Intracranial Error Detection via Deep Learning

TL;DR

This study demonstrates that deep learning, specifically CNNs, significantly improves intracranial EEG error detection accuracy and can predict errors up to 200 ms before they occur, revealing detailed brain error processing.

Contribution

First application of CNNs to intracranial EEG error detection, showing superior performance and detailed spatio-temporal error mapping compared to traditional methods.

Findings

CNNs outperform linear discriminant analysis in error classification

Errors can be decoded up to 200 ms before button press

Deeper networks yield higher accuracy in all-channel decoding

Abstract

Deep learning techniques have revolutionized the field of machine learning and were recently successfully applied to various classification problems in noninvasive electroencephalography (EEG). However, these methods were so far only rarely evaluated for use in intracranial EEG. We employed convolutional neural networks (CNNs) to classify and characterize the error-related brain response as measured in 24 intracranial EEG recordings.
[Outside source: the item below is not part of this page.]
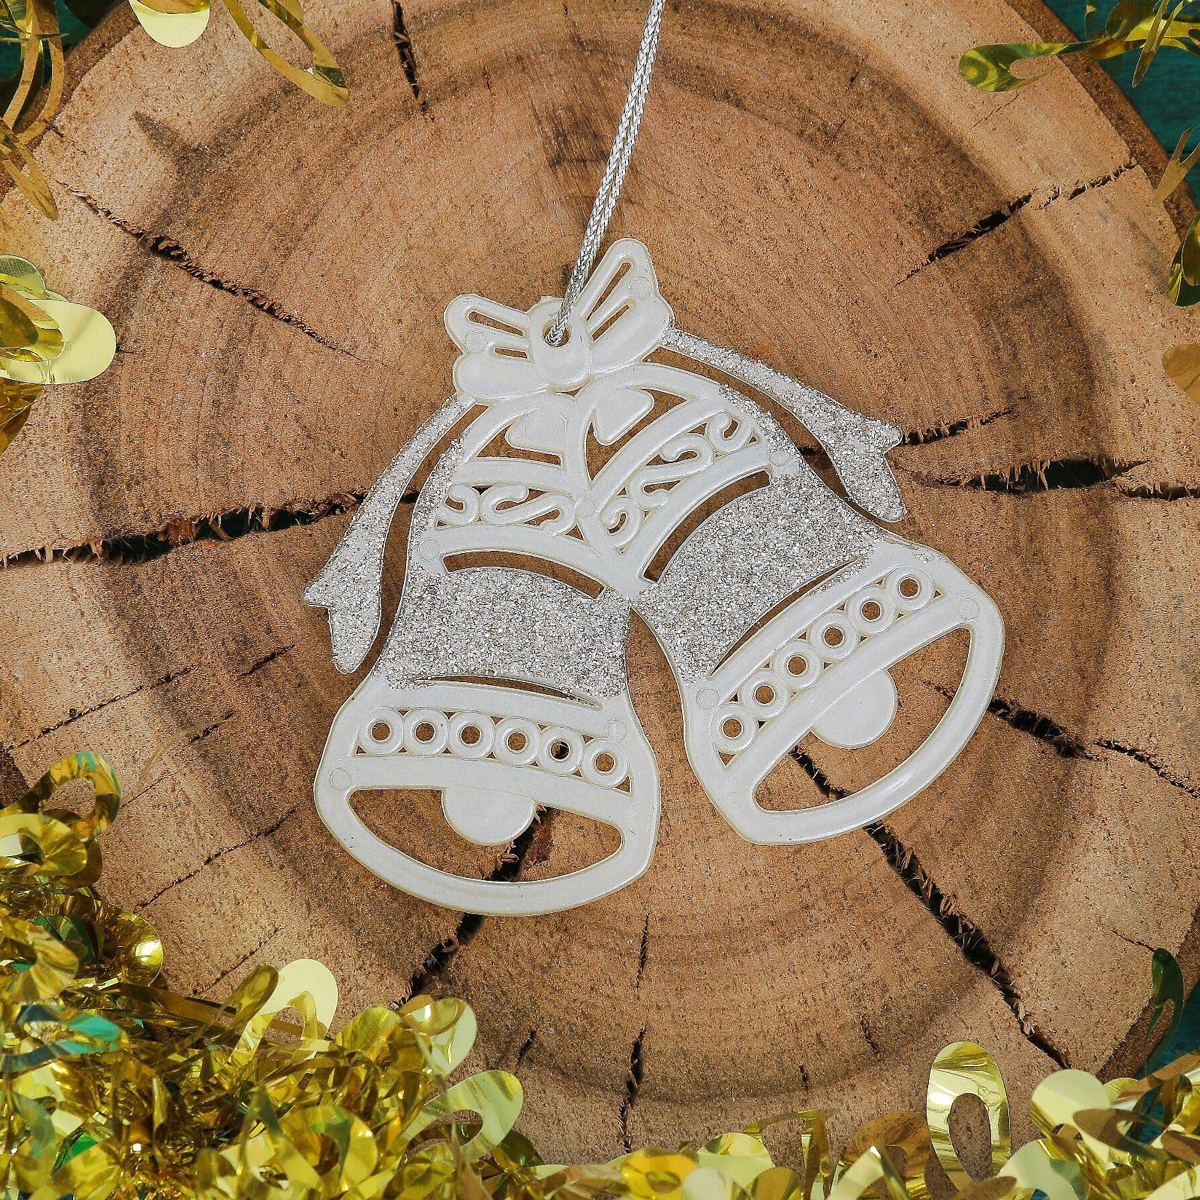 Новогоднее подвесное украшение Колокольчики с бантом, 9,5 х 8,5 см2371443Новогоднее подвесное украшение отлично подойдет для декорации вашего дома и новогодней ели. С помощью специальной петельки украшение можно повесить в любом понравившемся вам месте. Но, конечно, удачнее всего оно будет смотреться на праздничной елке.Елочная игрушка - символ Нового года. Она несет в себе волшебство и красоту праздника. Такое украшение создаст в вашем доме атмосферу праздника, веселья и радости.

Decoding accuracies of CNNs were significantly higher than those of a regularized linear discriminant analysis. Using time-resolved deep decoding, it was possible to classify errors in various regions in the human brain, and further to decode errors over 200 ms before the actual erroneous button press, e.g., in the precentral gyrus. Moreover, deeper networks performed better than shallower networks in distinguishing correct from error trials in all-channel decoding. In single recordings, up to 100 % decoding accuracy was achieved. Visualization of the networks' learned features indicated that multivariate decoding on an ensemble of channels yields related, albeit non-redundant information compared to single-channel decoding. In summary, here we show the usefulness of deep learning for both intracranial error decoding and mapping of the spatio-temporal structure of the human error processing network.